== Exercise prompt ==
Look for "並行輸入品" in each line of the records, and copy the lines that have it.

________________

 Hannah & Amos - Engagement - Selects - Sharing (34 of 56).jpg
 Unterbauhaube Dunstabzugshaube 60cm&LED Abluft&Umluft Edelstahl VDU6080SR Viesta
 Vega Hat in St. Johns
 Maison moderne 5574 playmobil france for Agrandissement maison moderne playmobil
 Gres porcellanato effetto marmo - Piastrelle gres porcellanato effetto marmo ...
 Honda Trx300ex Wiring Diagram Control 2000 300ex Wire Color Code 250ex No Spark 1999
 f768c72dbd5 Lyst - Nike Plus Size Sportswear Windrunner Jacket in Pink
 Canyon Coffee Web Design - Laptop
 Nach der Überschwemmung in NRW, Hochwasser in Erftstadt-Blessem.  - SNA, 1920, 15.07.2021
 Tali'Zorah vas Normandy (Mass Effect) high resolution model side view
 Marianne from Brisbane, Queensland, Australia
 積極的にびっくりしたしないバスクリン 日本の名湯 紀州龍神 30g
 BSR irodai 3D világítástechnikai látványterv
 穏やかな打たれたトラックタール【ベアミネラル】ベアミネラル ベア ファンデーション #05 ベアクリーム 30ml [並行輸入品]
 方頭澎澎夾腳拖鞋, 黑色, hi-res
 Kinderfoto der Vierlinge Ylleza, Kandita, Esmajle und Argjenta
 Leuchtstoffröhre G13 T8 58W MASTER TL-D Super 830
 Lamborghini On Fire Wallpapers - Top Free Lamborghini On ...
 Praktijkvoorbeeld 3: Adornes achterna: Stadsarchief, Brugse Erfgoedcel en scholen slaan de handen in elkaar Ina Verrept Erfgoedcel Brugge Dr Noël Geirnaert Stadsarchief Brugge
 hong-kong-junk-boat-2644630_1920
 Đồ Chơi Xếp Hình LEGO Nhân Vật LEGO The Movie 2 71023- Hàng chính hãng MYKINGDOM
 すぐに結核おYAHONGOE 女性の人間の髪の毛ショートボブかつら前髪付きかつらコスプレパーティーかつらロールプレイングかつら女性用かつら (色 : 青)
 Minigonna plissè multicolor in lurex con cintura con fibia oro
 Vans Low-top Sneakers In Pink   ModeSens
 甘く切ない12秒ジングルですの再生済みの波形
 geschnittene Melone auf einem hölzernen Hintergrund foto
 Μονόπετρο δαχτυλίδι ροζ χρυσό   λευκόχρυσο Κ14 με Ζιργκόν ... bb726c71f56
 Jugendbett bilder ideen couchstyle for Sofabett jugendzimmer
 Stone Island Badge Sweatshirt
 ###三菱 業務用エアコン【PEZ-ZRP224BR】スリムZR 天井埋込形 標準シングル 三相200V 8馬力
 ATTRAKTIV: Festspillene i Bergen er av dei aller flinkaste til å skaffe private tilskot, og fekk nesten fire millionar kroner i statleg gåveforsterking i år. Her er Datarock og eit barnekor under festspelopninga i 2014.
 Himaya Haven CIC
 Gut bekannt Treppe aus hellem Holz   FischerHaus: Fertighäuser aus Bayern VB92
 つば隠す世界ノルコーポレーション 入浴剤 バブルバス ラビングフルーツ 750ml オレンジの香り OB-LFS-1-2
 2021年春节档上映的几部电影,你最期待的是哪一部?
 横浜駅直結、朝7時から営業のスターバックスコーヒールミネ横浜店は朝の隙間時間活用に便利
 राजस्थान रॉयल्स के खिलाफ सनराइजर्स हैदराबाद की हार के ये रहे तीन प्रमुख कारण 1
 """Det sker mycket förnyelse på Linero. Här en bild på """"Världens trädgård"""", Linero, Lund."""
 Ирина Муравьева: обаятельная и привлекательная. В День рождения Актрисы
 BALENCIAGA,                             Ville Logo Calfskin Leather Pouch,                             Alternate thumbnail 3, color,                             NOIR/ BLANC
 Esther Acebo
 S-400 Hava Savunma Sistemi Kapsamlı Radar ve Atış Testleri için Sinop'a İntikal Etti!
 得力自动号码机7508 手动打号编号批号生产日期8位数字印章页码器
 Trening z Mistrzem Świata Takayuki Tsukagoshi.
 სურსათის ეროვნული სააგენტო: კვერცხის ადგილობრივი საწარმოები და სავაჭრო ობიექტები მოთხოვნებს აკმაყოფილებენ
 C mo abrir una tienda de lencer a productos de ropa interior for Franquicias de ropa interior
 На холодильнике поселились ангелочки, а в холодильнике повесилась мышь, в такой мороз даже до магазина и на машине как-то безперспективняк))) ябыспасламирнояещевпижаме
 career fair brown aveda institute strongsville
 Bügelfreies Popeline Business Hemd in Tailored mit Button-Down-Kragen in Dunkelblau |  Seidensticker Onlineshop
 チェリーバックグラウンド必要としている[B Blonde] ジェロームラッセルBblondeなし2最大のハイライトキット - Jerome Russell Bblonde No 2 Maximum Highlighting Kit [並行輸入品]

________________

== Answer box ==
 穏やかな打たれたトラックタール【ベアミネラル】ベアミネラル ベア ファンデーション #05 ベアクリーム 30ml [並行輸入品]
 チェリーバックグラウンド必要としている[B Blonde] ジェロームラッセルBblondeなし2最大のハイライトキット - Jerome Russell Bblonde No 2 Maximum Highlighting Kit [並行輸入品]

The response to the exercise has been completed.